Почему-то последнее слово показалось Рождественскому смешным, и он захихикал, еле держась на табурете. Максиму Т. Ермакову пришлось гулко стукнуть журналюгу по спине, заставив по-быстрому ссыпать хихиканье, как высыпает монетки огретый автомат.

– Эй, Макс, ты руки убери, – сипло проговорил Рождественский, выпученный, сопливый и будто немного протрезвевший. – Реально меня отпиздить хочешь? За что?

– Да ладно, не хочу на самом деле, – устало ответил Максим Т. Ермаков, которого начинали угнетать тусклые, с каким-то осадком на дне, барные светильники и доносившееся из полумрака щелканье бильярдных шаров. – Излагай насчет новостей. А то мне скоро перехочется тебя слушать.
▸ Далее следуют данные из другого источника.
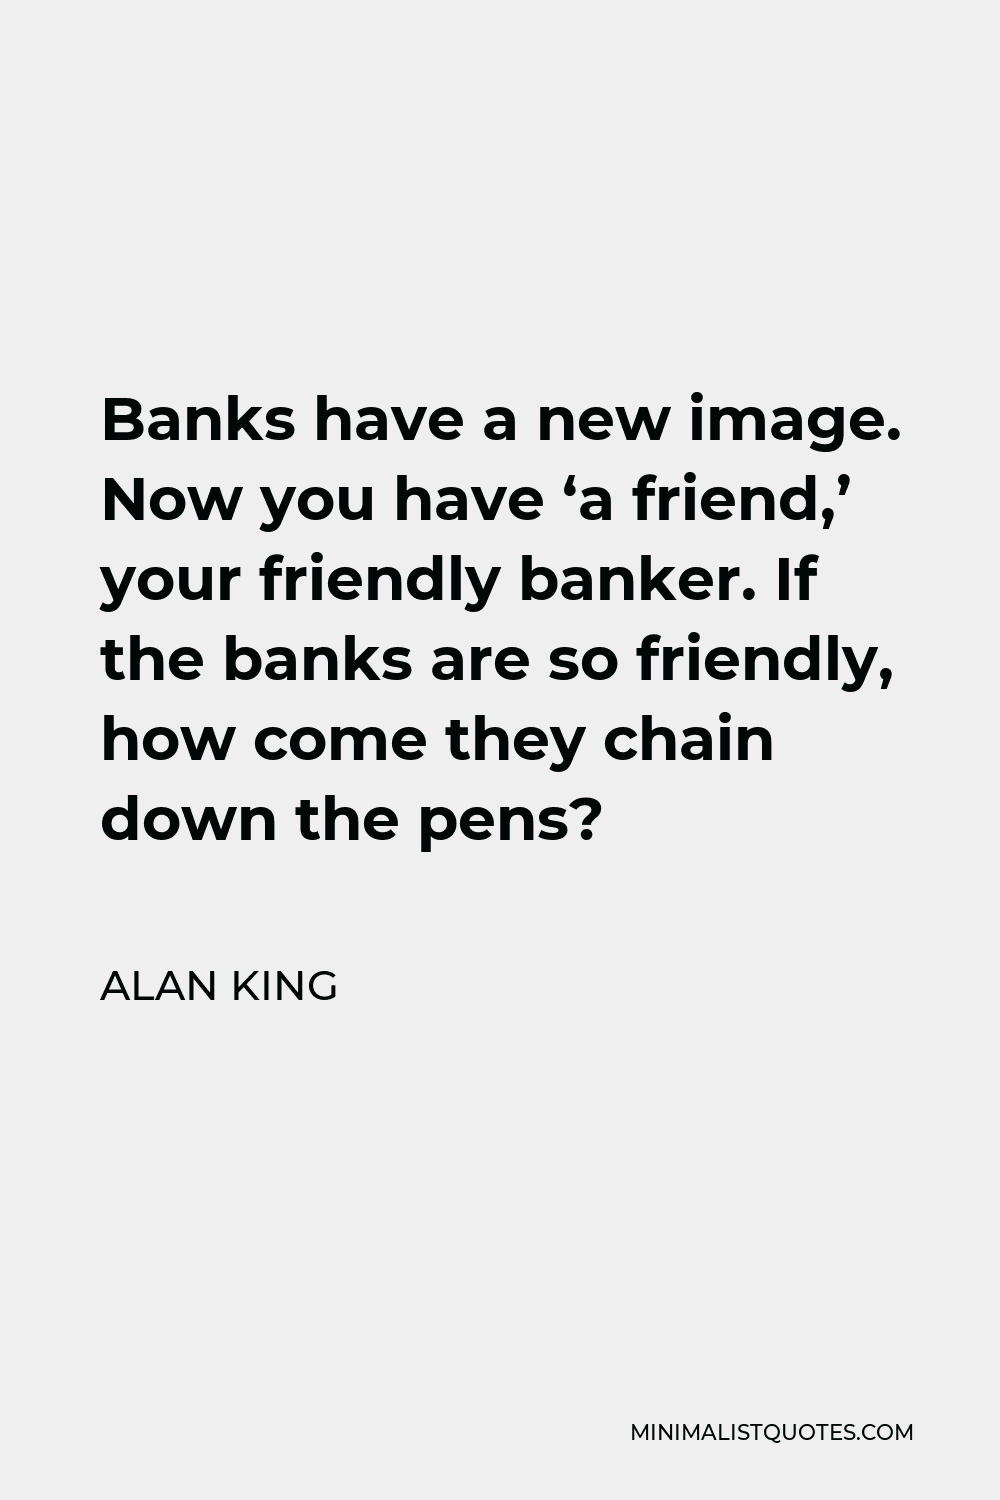 Alan King Quote - Banks have a new image. Now you have ‘a friend,’ your friendly banker. If the banks are so friendly, how come they chain down the pens?

– Думаешь, мне больно хочетца всю эту лажу озвучивать? – Рождественский нахохлился, медленно вращая перед своим невидящим взглядом пустой стакан. – Вопрос на засыпку: кто производит новость – массмедиа или жизнь?

– Медиа, само собой, – сердито ответил Максим Т. Ермаков. – Но жизнь тоже участвует. Скажем, в качестве сырья.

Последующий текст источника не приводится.